• Supplied information:
▶
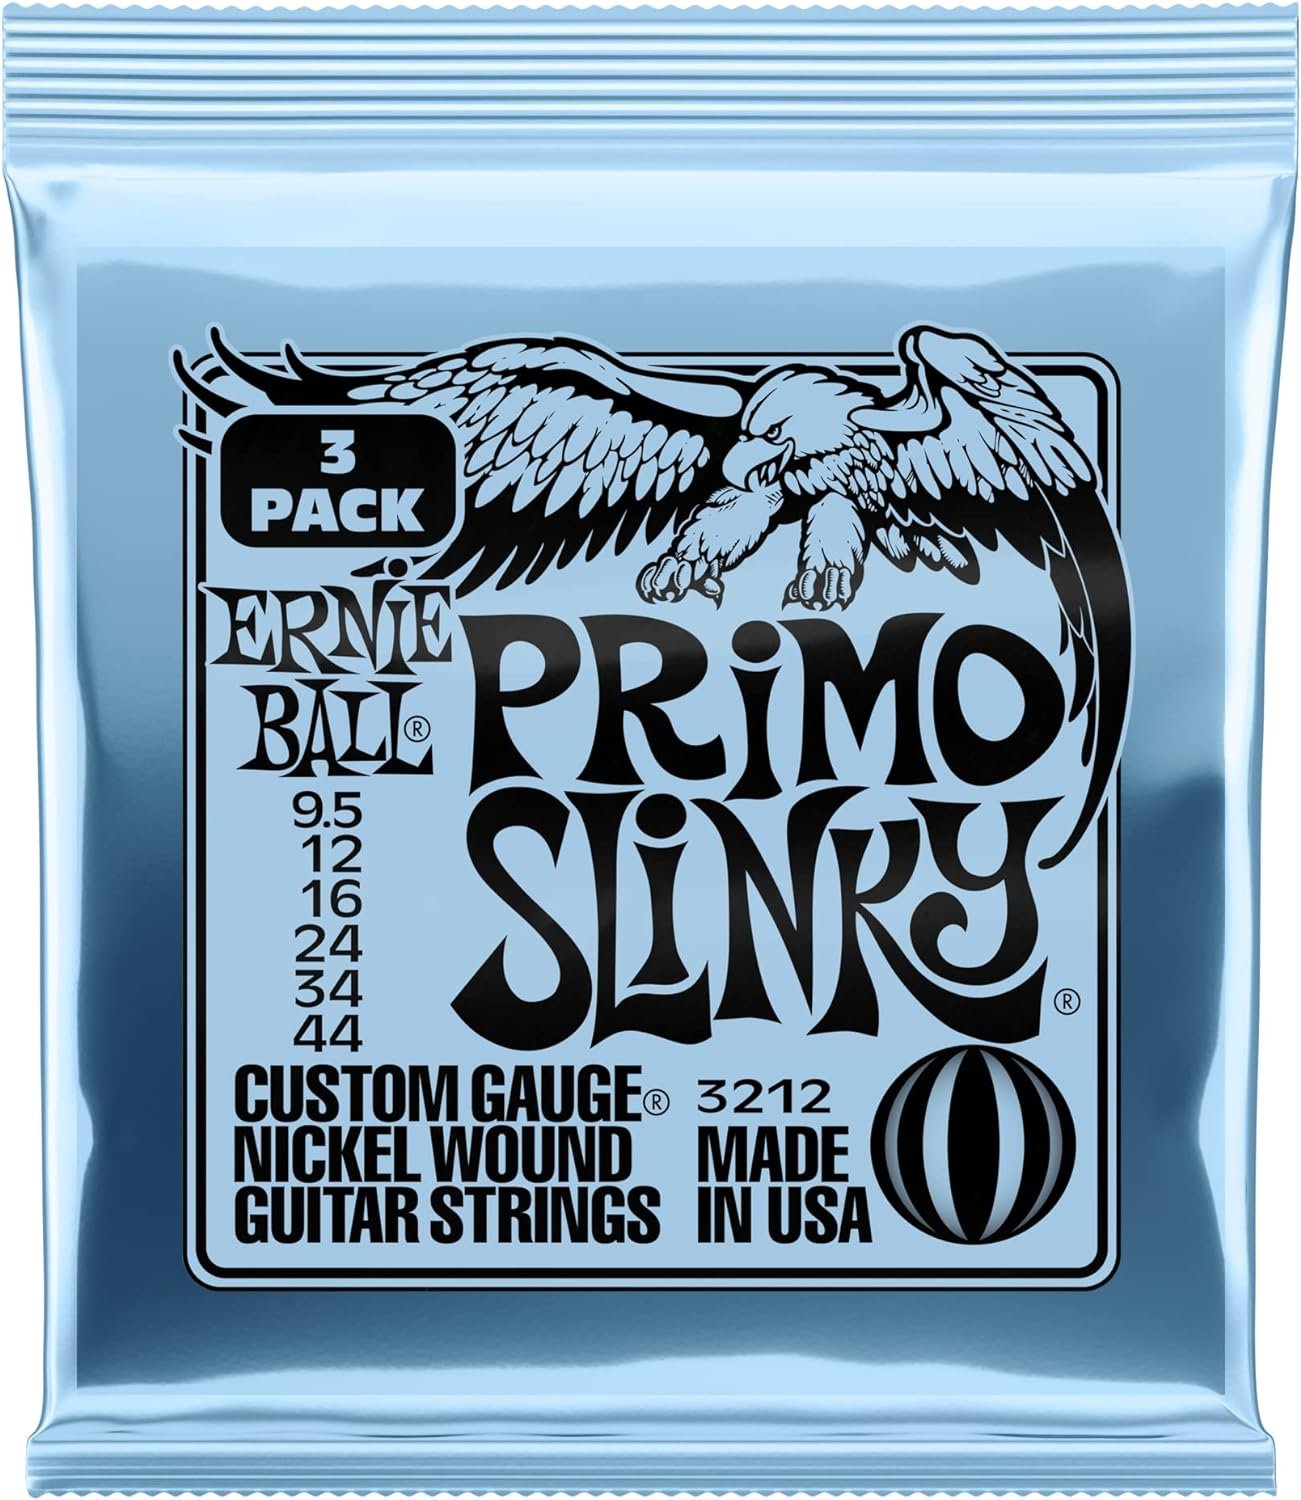 Ernie Ball Regular Slinky Nickel Wound Electric Guitar Strings Amazon Exclusive 4-Pack - 10-46 Gauge
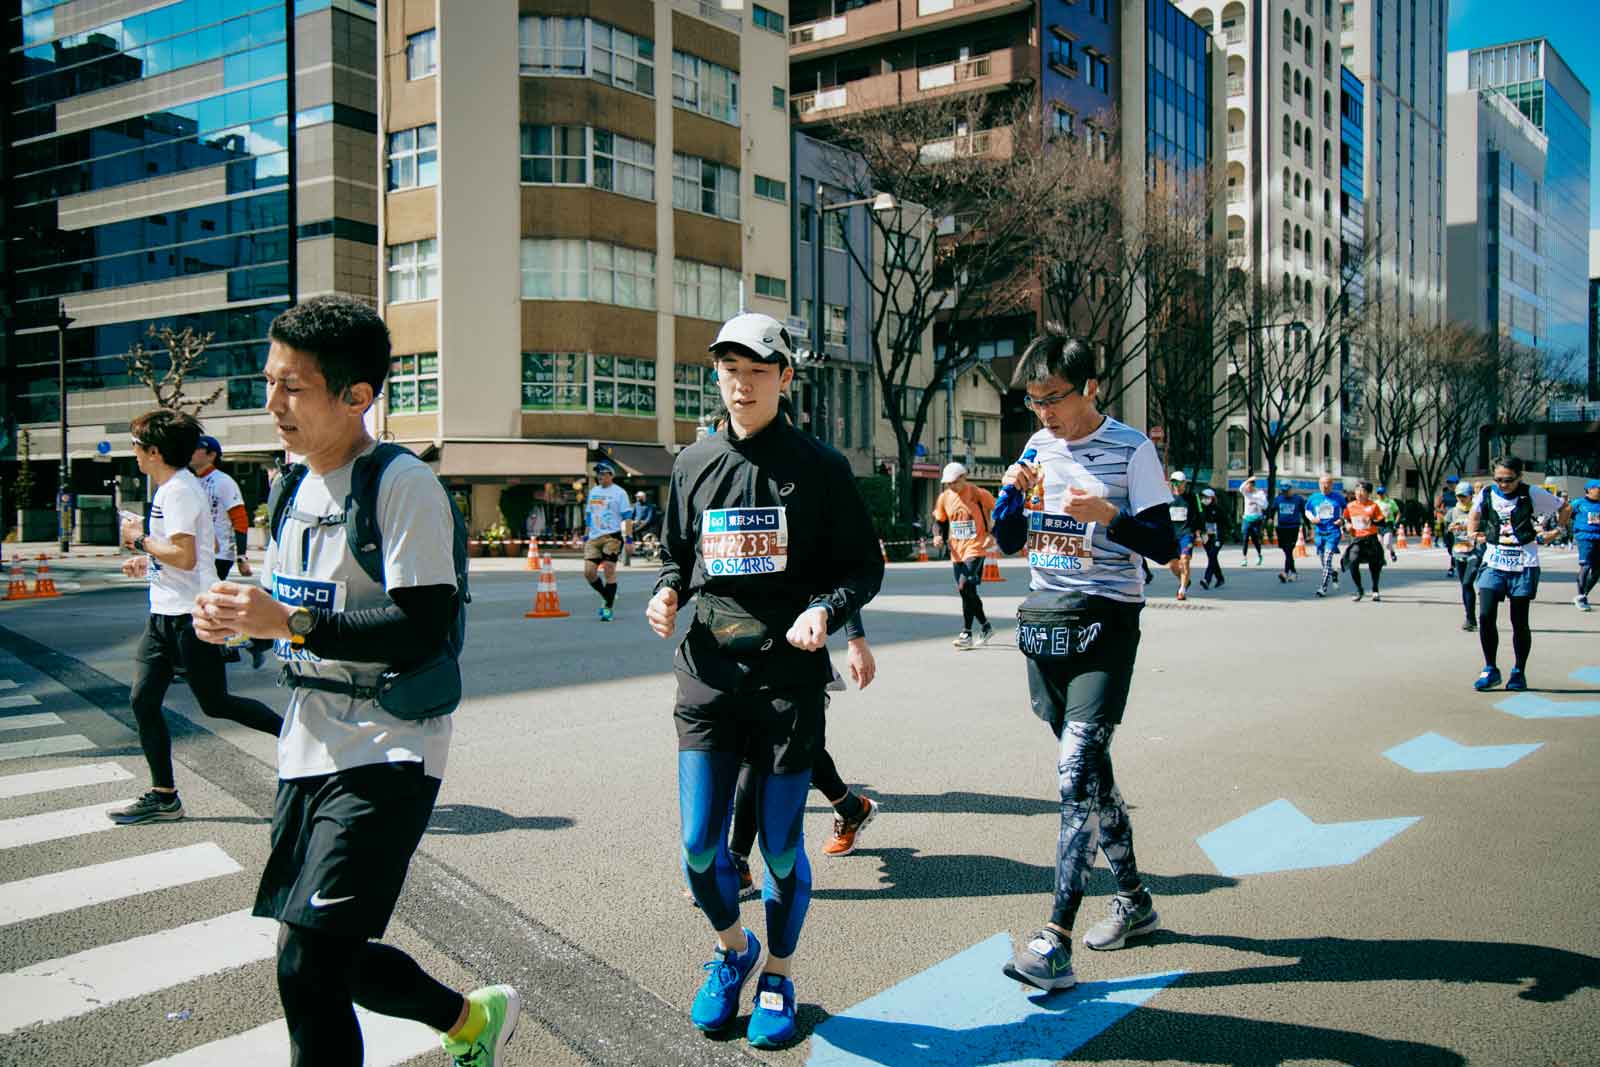 東京マラソン2021を走るターザン/Tarzan編集部員のアサクラ
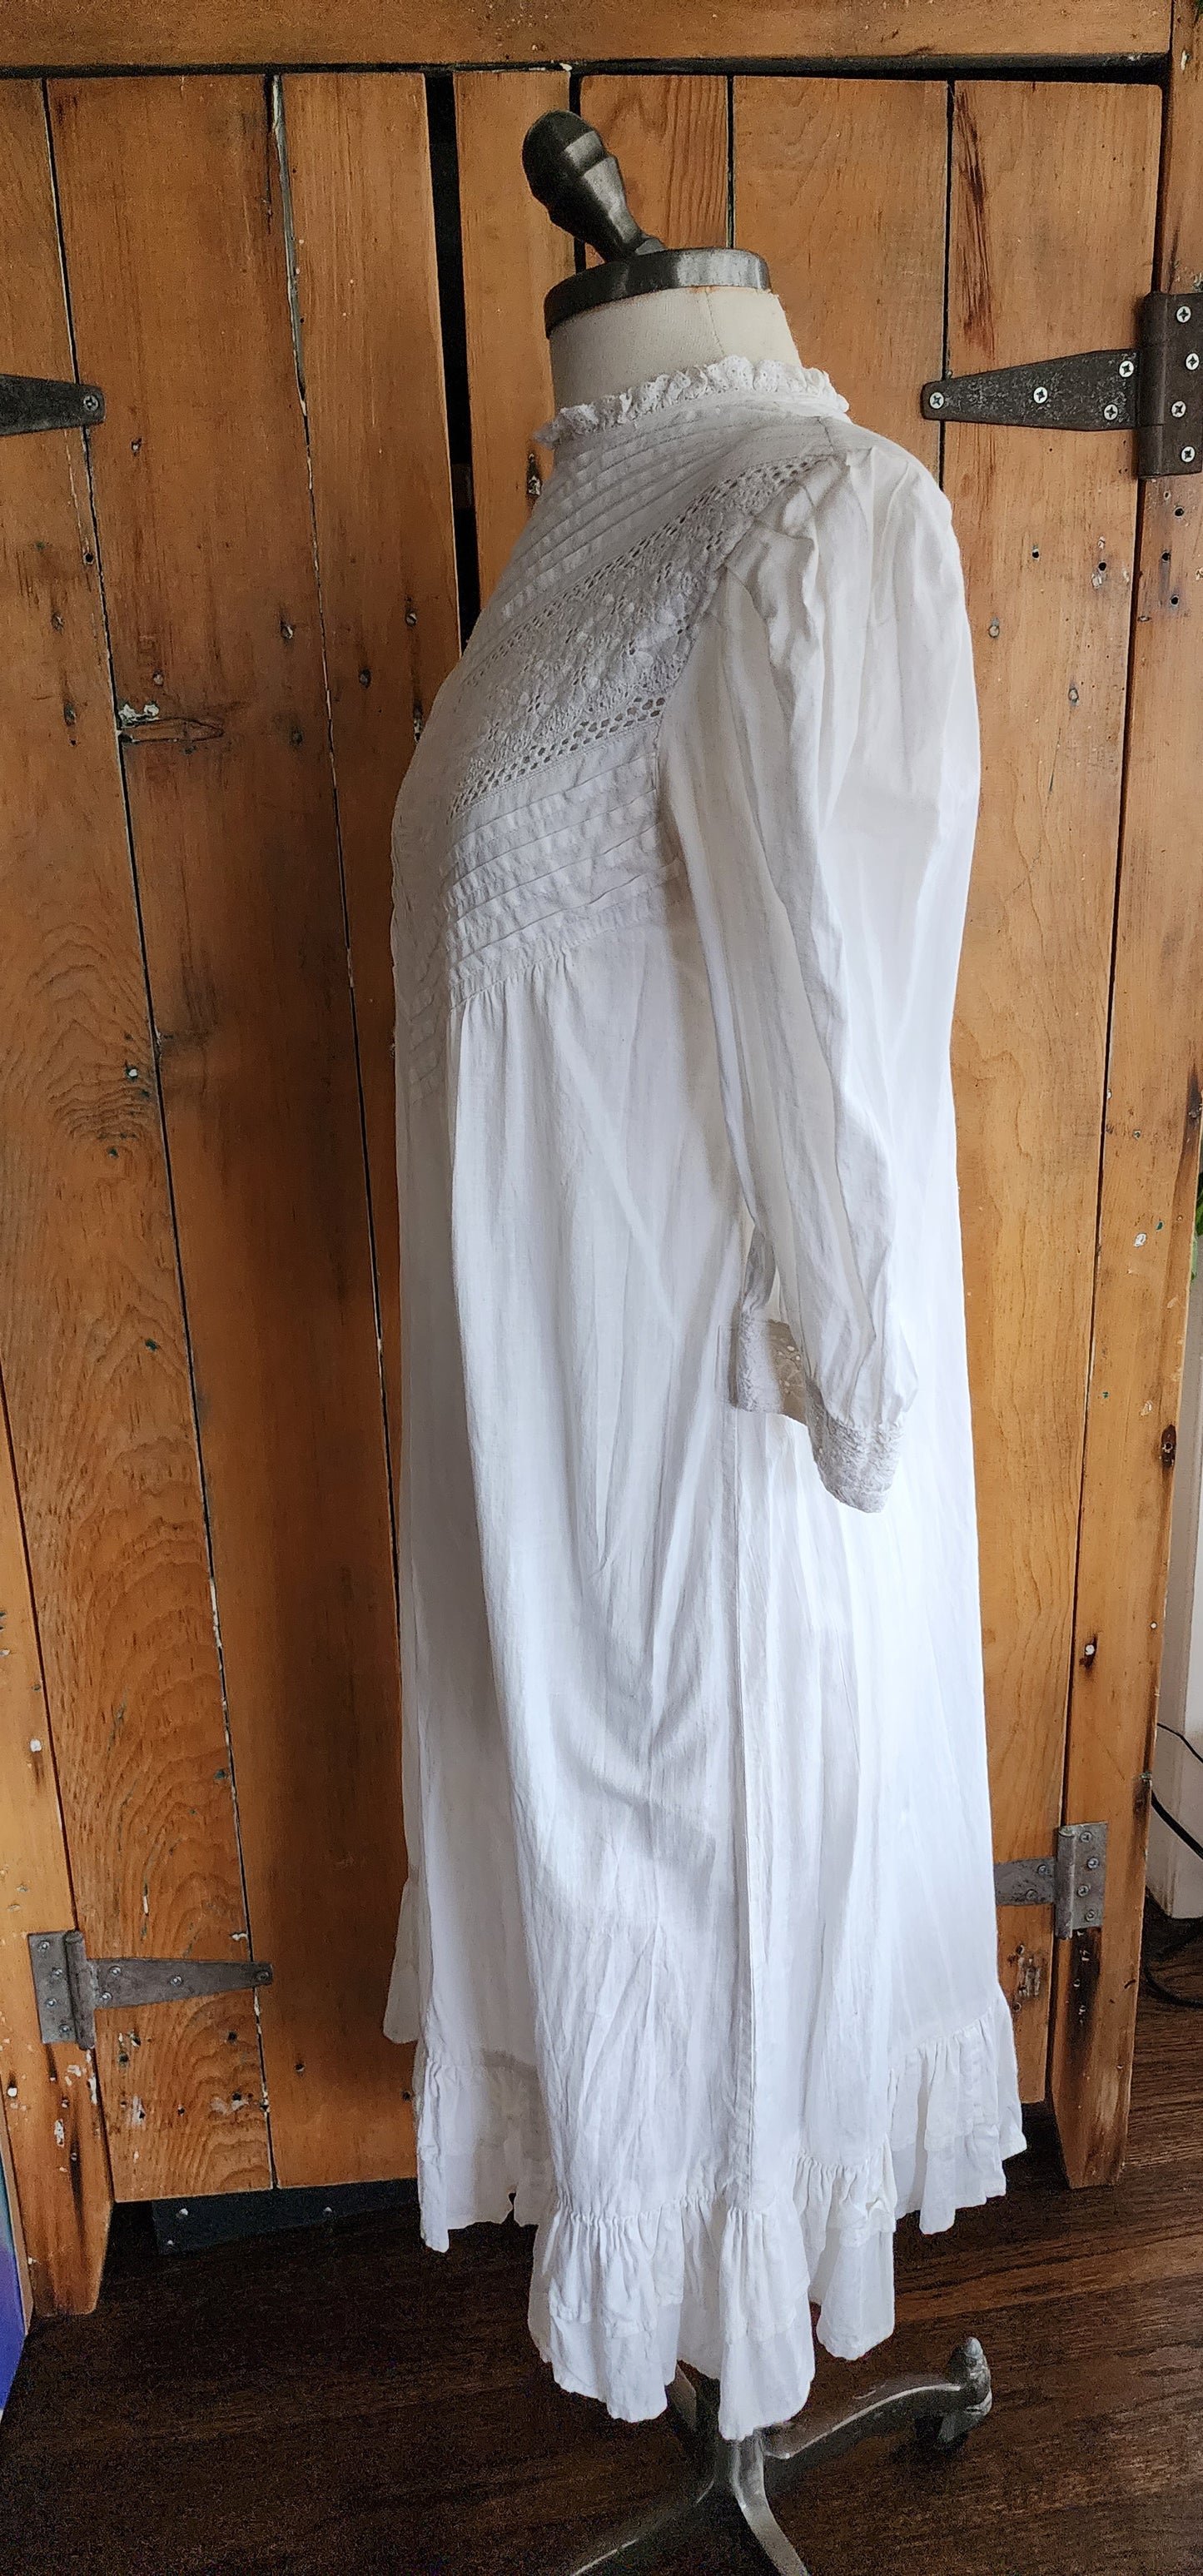 Vintage 80s White Cotton Prairie Style Dress India Cotton Eyelet Embroidery
◀
• What the task asks:
Without any of its pictures, the listing is to be repeated exactly as it stands.

• Answer to this task:
 Ernie Ball Regular Slinky Nickel Wound Electric Guitar Strings Amazon Exclusive 4-Pack - 10-46 Gauge
 東京マラソン2021を走るターザン/Tarzan編集部員のアサクラ
 Vintage 80s White Cotton Prairie Style Dress India Cotton Eyelet Embroidery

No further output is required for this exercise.